Ballots in the primary election are due Tuesday, and in Seattle, voters are deciding on a new property tax to pay a $270 million maintenance backlog at local parks.
If the proposition is approved, it would mean $70 to $200 more a year for the average homeowner.
But it's all variable, because Proposition 1 would create a new independent taxing authority run by the Seattle City Council.
Councilmembers would decide how much to raise taxes, without the public’s input, to maintain parks and playgrounds.
Supporters say tax revenue, wiped out by the Tim Eyeman tax initiatives in the early 2000s, led to a $270 million backlog of maintenance for Seattle parks.
They say the only answer is to raise property taxes, which could lead to higher rates for renters, too.
Mayor Ed Murray says there's only so much general levy funding the city can collect, so creating a Seattle Park District would free up space for other issues.

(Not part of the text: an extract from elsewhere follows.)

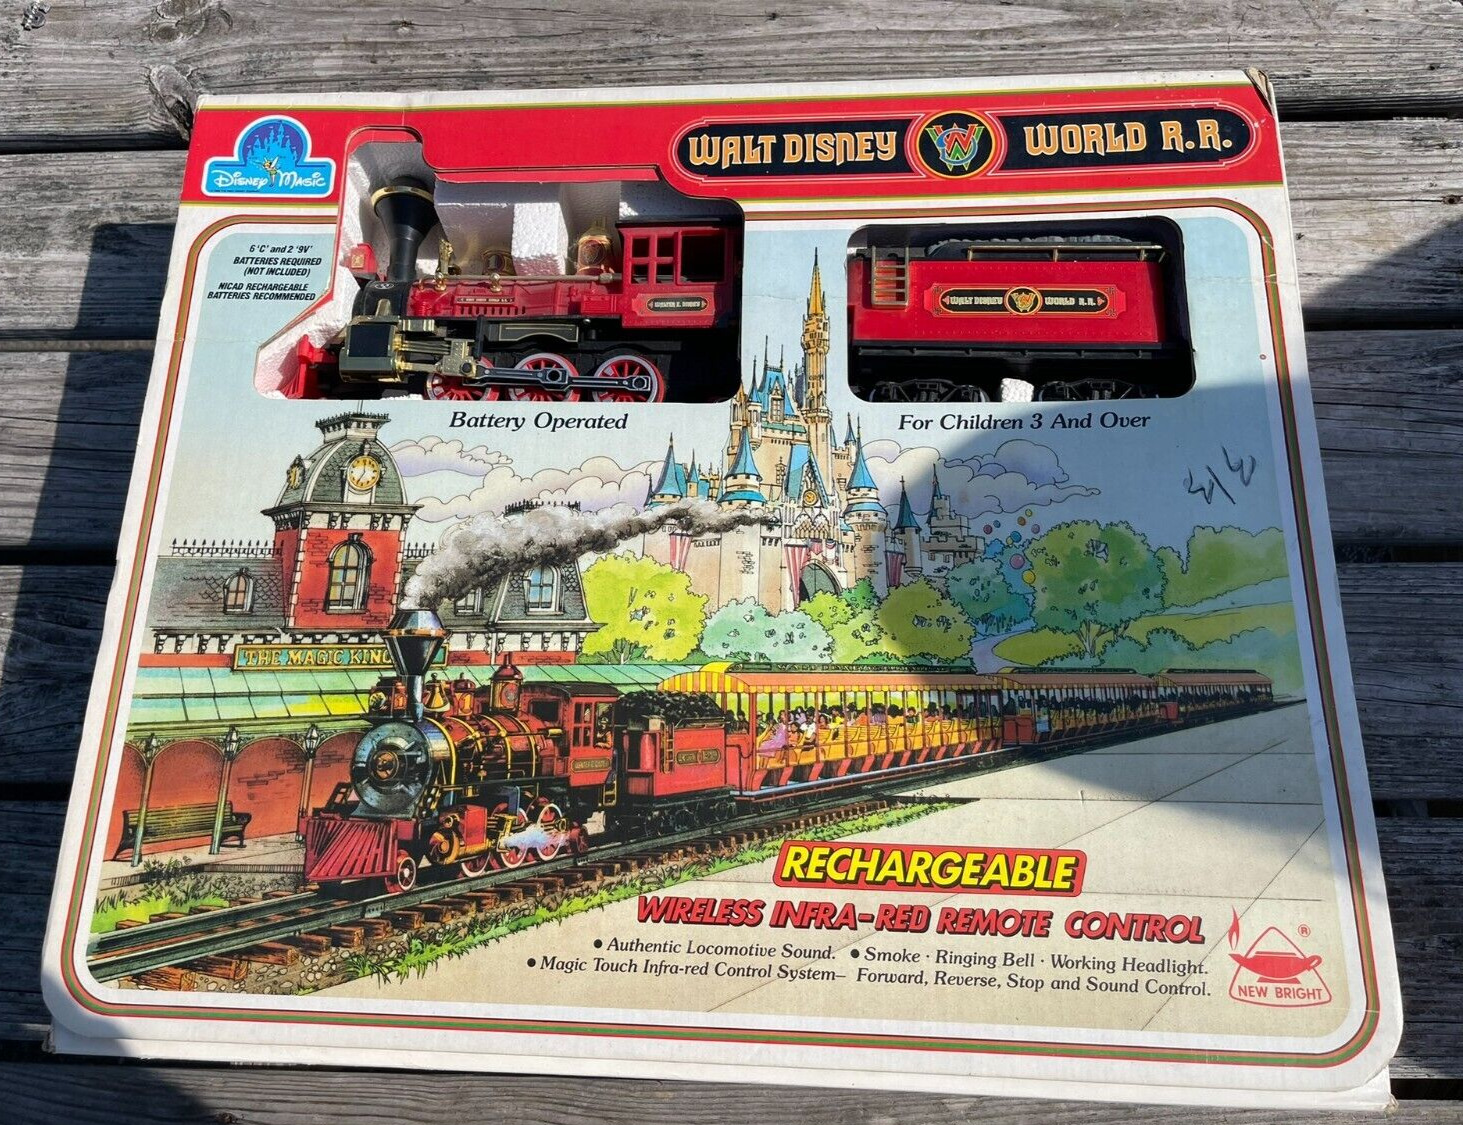 Walt Disney World Railroad Train by New Bright 1988 Vintage

But the proposition would basically clear the way for the city to ask voters to approve even more taxes. in the future.
On Tuesday, the last day to get ballots postmarked, less than 19 percent of registered voters in Seattle have turned in their ballots.
That means, the tax increase for all Seattle property owners may be decided by one-fifth of the people who live in the city.
Ballots must be postmarked or delivered to a drop box on Tuesday. If mailing you are mailing your ballot the best way to assure it will be counted is to have the envelope canceled by hand at the post office. If using a drop box, the ballot must be deposited by 8 p.m.